OK-2012-09, Aug. 23, 2012

Updated 9/27/2012 to include Noble Wildfire and include Cleveland County.

OKLAHOMA CITY — Victims of the Freedom and Noble Wildfires that began on Aug. 3, 2012, in parts of Oklahoma may qualify for tax relief from the Internal Revenue Service.

The President has declared Creek and Cleveland counties a federal disaster area. Individuals who reside or have a business in these counties may qualify for tax relief.

The declaration permits the IRS to postpone certain deadlines for taxpayers who reside or have a business in the disaster area. For instance, certain deadlines falling on or after Aug. 3, and on or before Oct. 2, have been postponed to Oct. 2, 2012. This includes the quarterly estimated tax payment due on Sept. 17, 2012.

In addition, the IRS is waiving the failure-to-deposit penalties for employment and excise tax deposits due on or after Aug. 3, and on or before Aug. 20, as long as the deposits are made by Aug. 20, 2012.

If an affected taxpayer receives a penalty notice from the IRS, the taxpayer should call the telephone number on the notice to have the IRS abate any interest and any late filing or late payment penalties that would otherwise apply. Penalties or interest will be abated only for taxpayers who have an original or extended filing, payment or deposit due date, including an extended filing or payment due date, that falls within the postponement period.
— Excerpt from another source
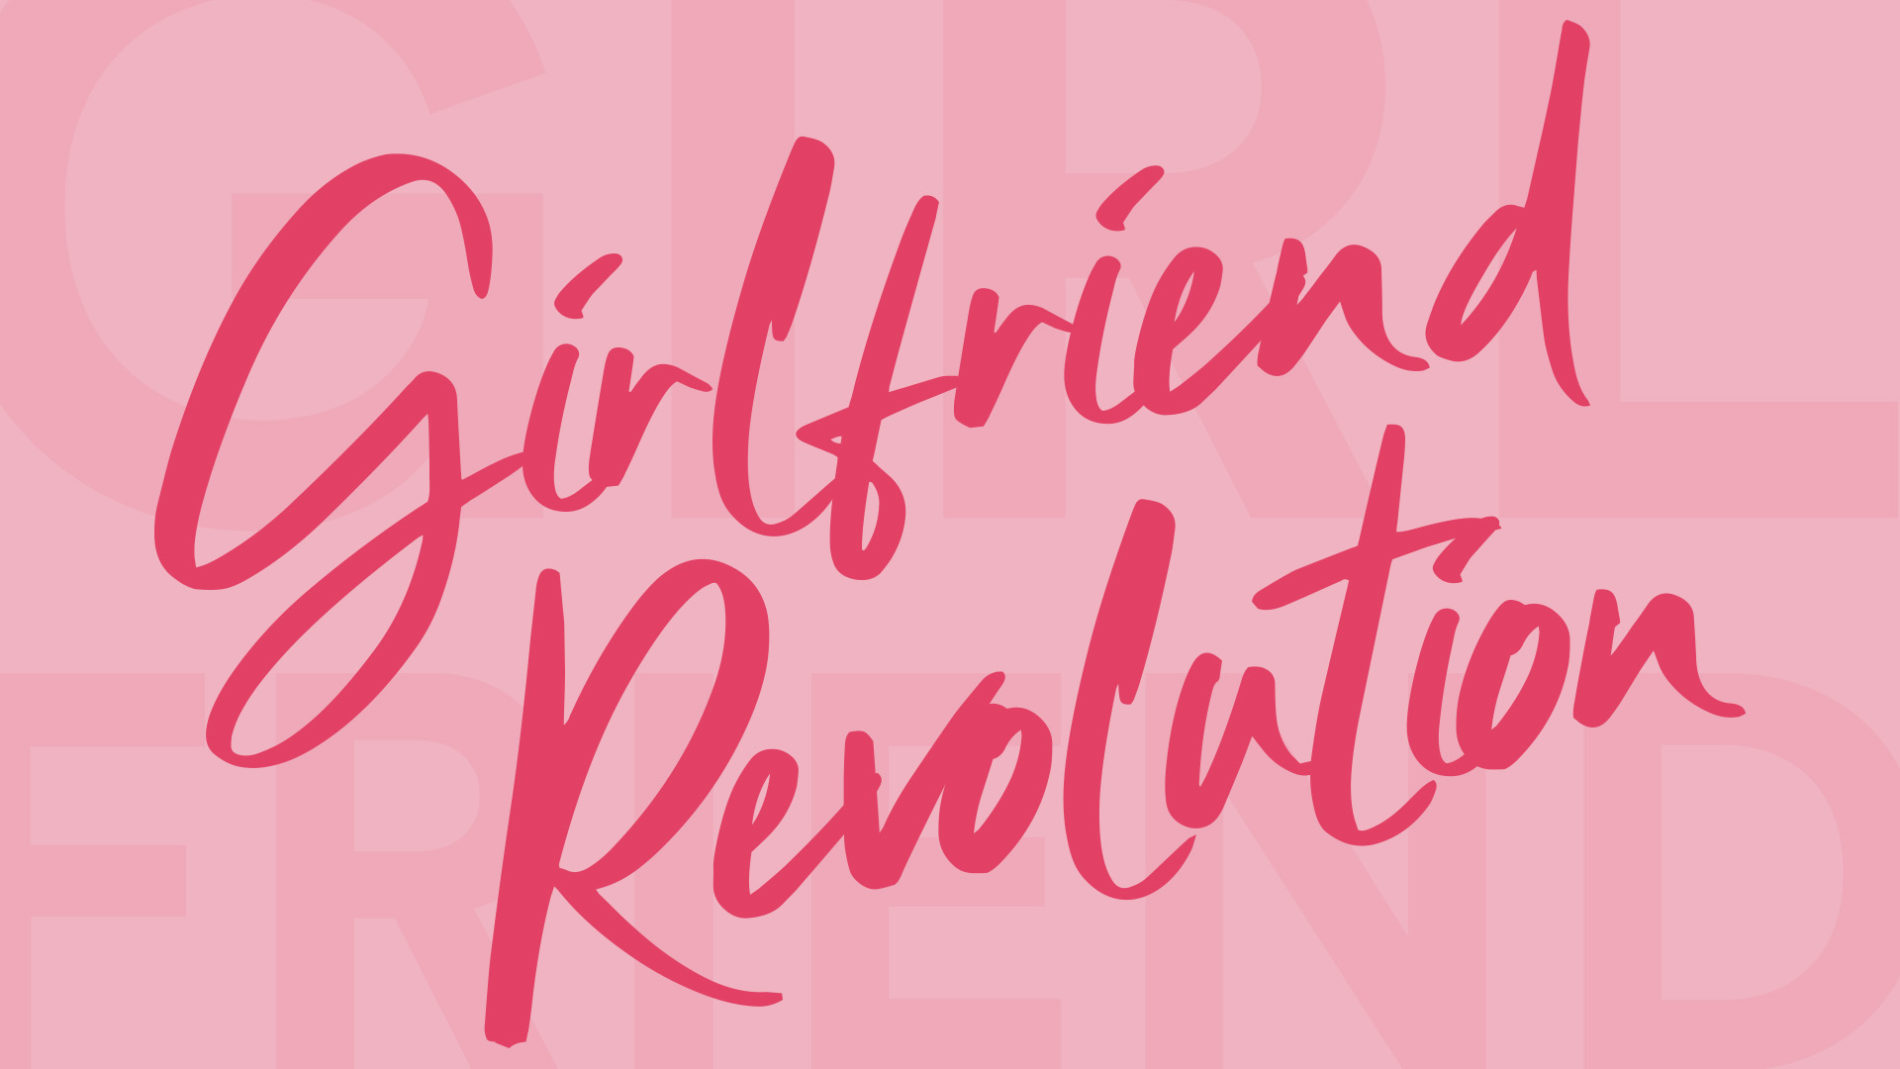 Girlfriend Revolution
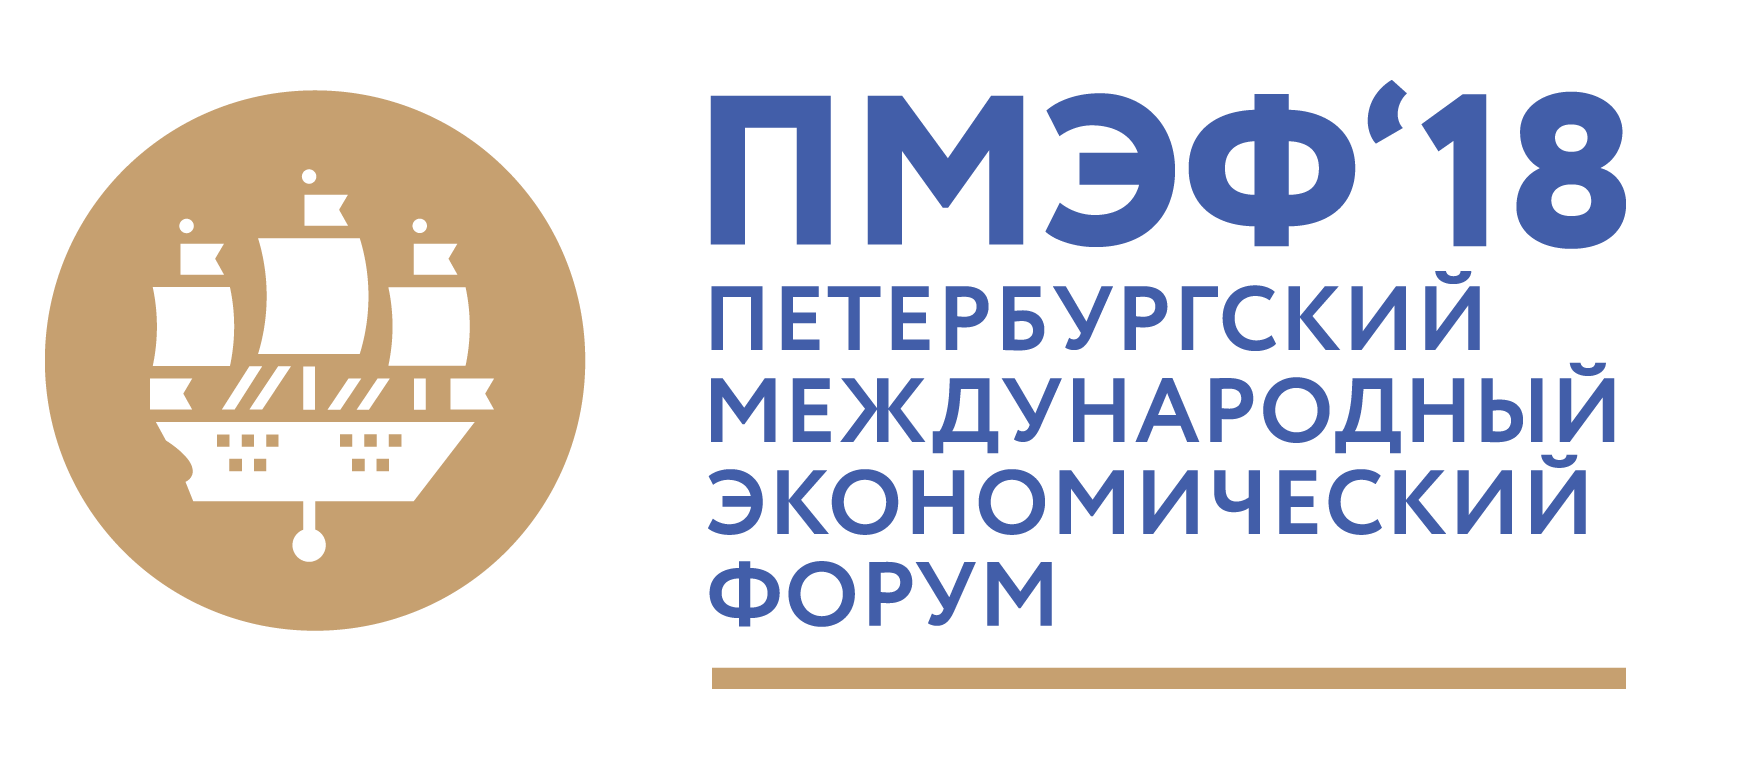 Президент компании ООО «ИПО «Ю-ПИТЕР» выступил с докладом на круглом столе в рамках Петербургского международного экономического форума ПМЭФ 2018.

The IRS automatically identifies taxpayers located in the covered disaster area and applies automatic filing and payment relief. But affected taxpayers who reside or have a business located outside the covered disaster area must call the IRS disaster hotline at 1-866-562-5227 to request this tax relief.

Covered Disaster Area

The counties listed above constitute a covered disaster area for purposes of Treas. Reg. § 301.7508A-1(d)(2) and is entitled to the relief detailed below.

Affected Taxpayers

Taxpayers considered to be affected taxpayers eligible for the postponement of time to file returns, pay taxes and perform other time-sensitive acts are those taxpayers listed in Treas. Reg. § 301.7508A-1(d)(1), and include individuals who live, and businesses whose principal place of business is located, in the covered disaster area. Taxpayers not in the covered disaster area, but whose records necessary to meet a deadline listed in Treas. Reg. § 301.7508A-1(c) are in the covered disaster area, are also entitled to relief. In addition, all relief workers affiliated with a recognized government or philanthropic organization assisting in the relief activities in the covered disaster area and any individual visiting the covered disaster area who was killed or injured as a result of the disaster are entitled to relief.

Grant of Relief

Under section 7508A, the IRS gives affected taxpayers until Oct. 2 to file most tax returns (including individual, corporate, and estate and trust income tax returns; partnership returns, S corporation returns, and trust returns; estate, gift, and generation-skipping transfer tax returns; and employment and certain excise tax returns), or to make tax payments, including estimated tax payments, that have either an original or extended due date occurring on or after Aug. 3 and on or before Oct. 2.

The IRS also gives affected taxpayers until Oct. 2 to perform other time-sensitive actions described in Treas. Reg. § 301.7508A-1(c)(1) and Rev. Proc. 2007-56, 2007-34 I.R.B. 388 (Aug. 20, 2007), that are due to be performed on or after Aug. 3 and on or before Oct. 2.

This relief also includes the filing of Form 5500 series returns, in the manner described in section 8 of Rev. Proc. 2007-56. The relief described in section 17 of Rev. Proc. 2007-56, pertaining to like-kind exchanges of property, also applies to certain taxpayers who are not otherwise affected taxpayers and may include acts required to be performed before or after the period above.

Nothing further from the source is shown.